__DATA PROVIDED__.
——

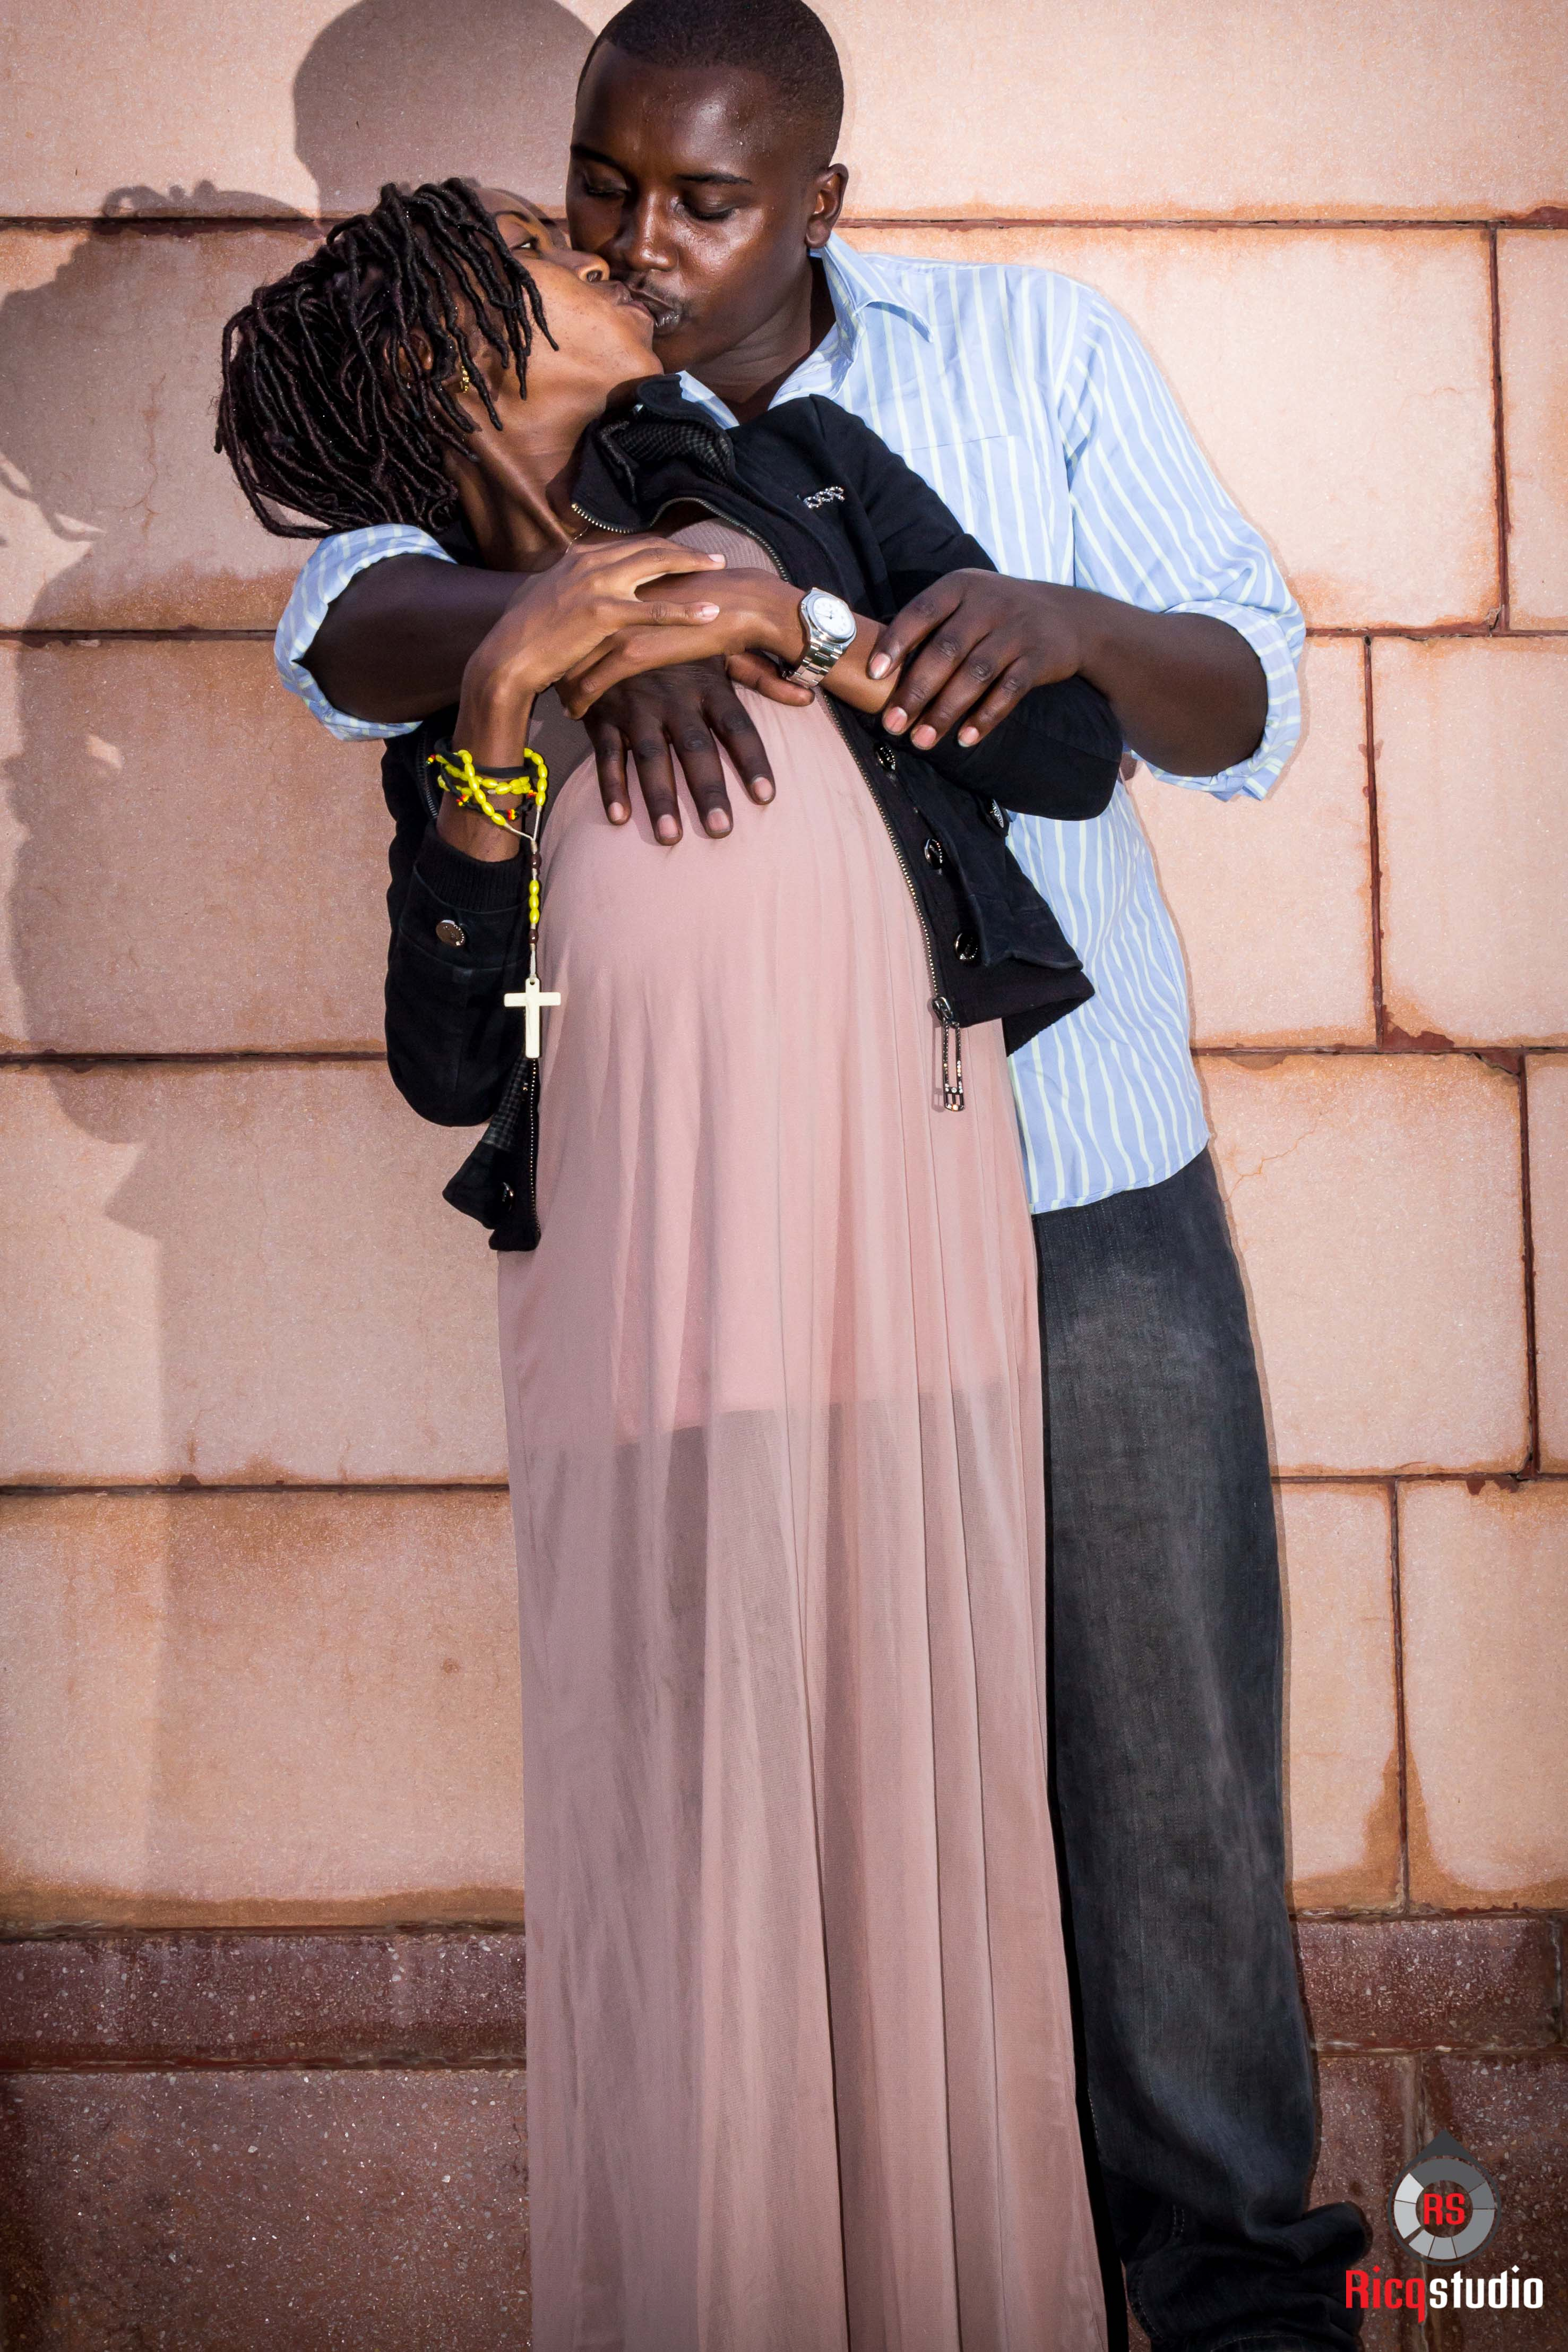 wedding photographer_ engagement in Kenya_ricqstudio-82
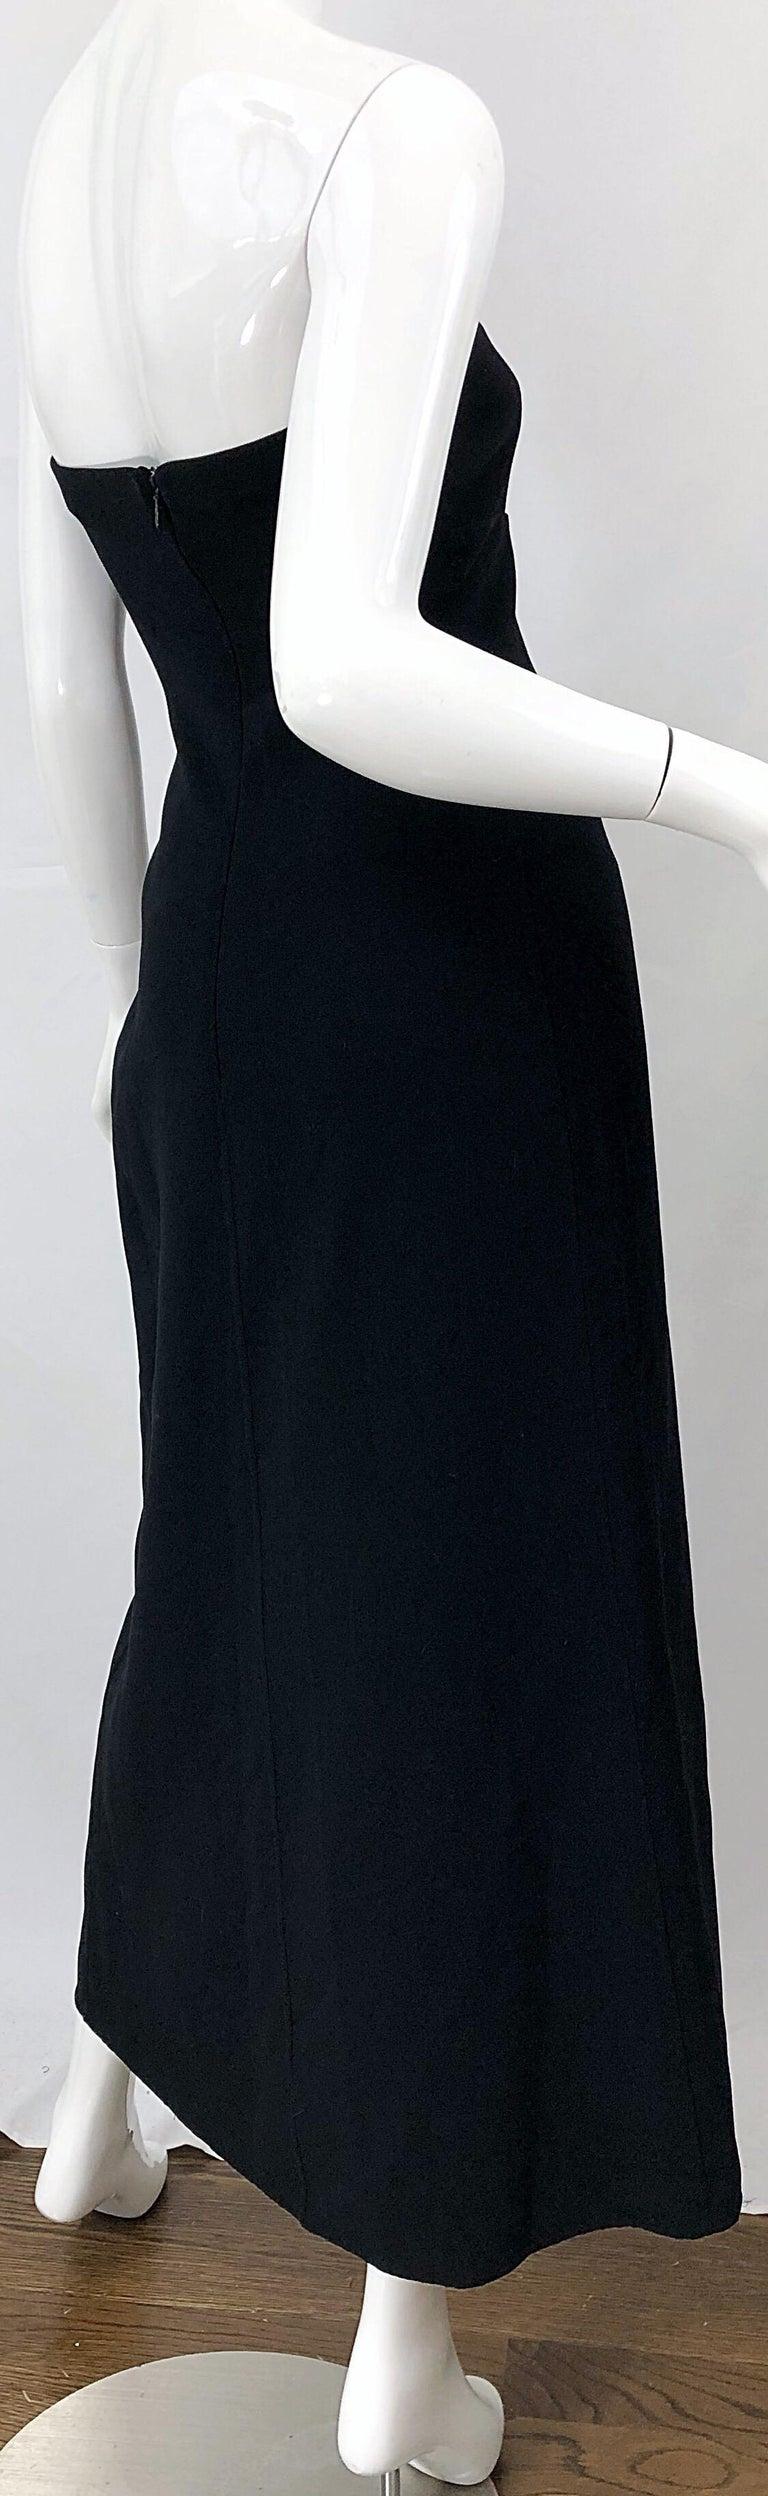 1990s Donna Karan New York Size 4 Black Strapless Vintage 90s Gown Maxi Dress For Sale 7
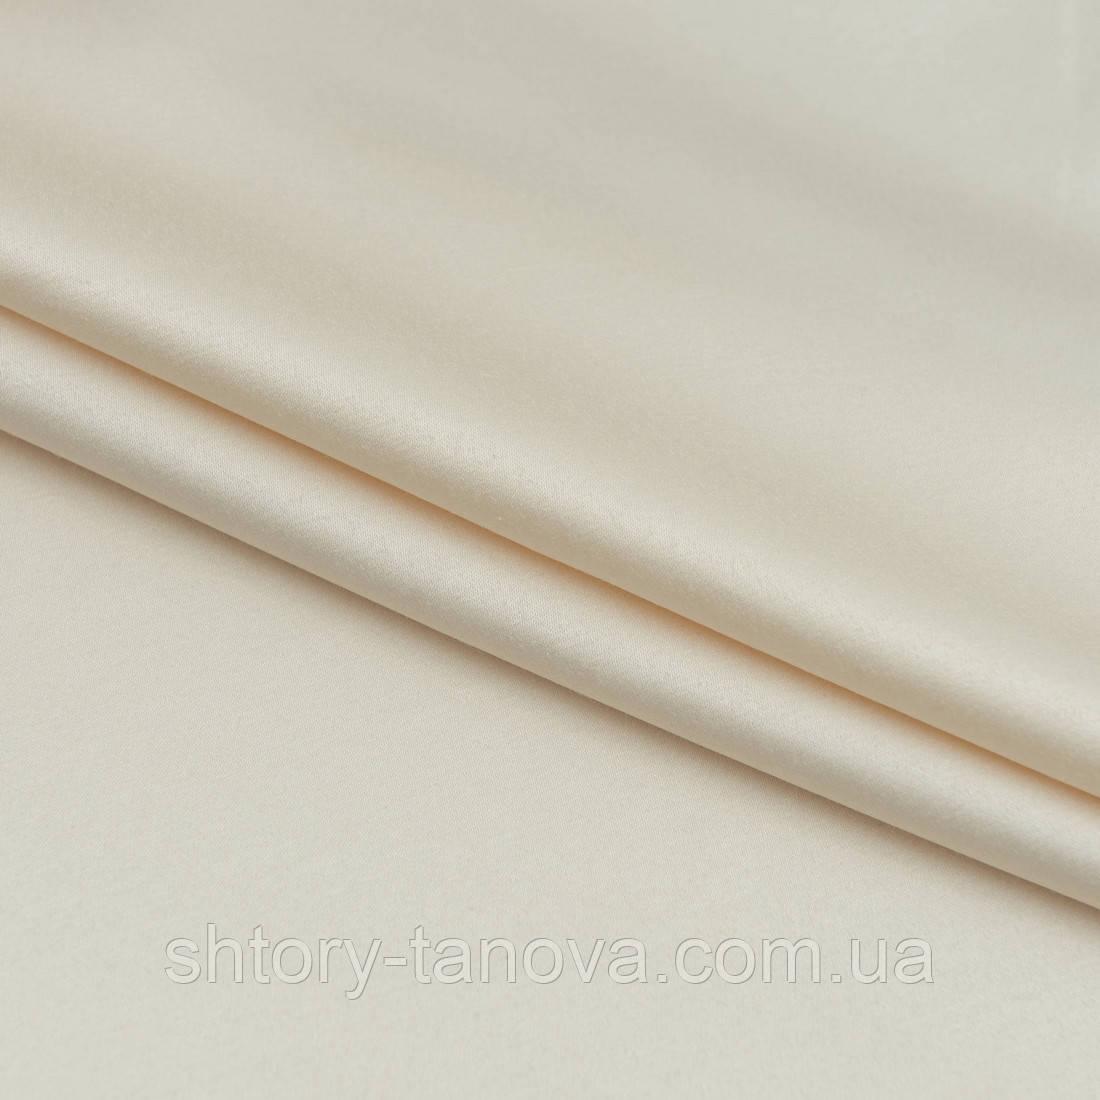 Декоративный сатин прада крем

——

__EXERCISE BRIEF__. Would you return the whole listing exactly, without the pictures?

__TASK SOLUTION__.
 wedding photographer_ engagement in Kenya_ricqstudio-82
 1990s Donna Karan New York Size 4 Black Strapless Vintage 90s Gown Maxi Dress For Sale 7
 Декоративный сатин прада крем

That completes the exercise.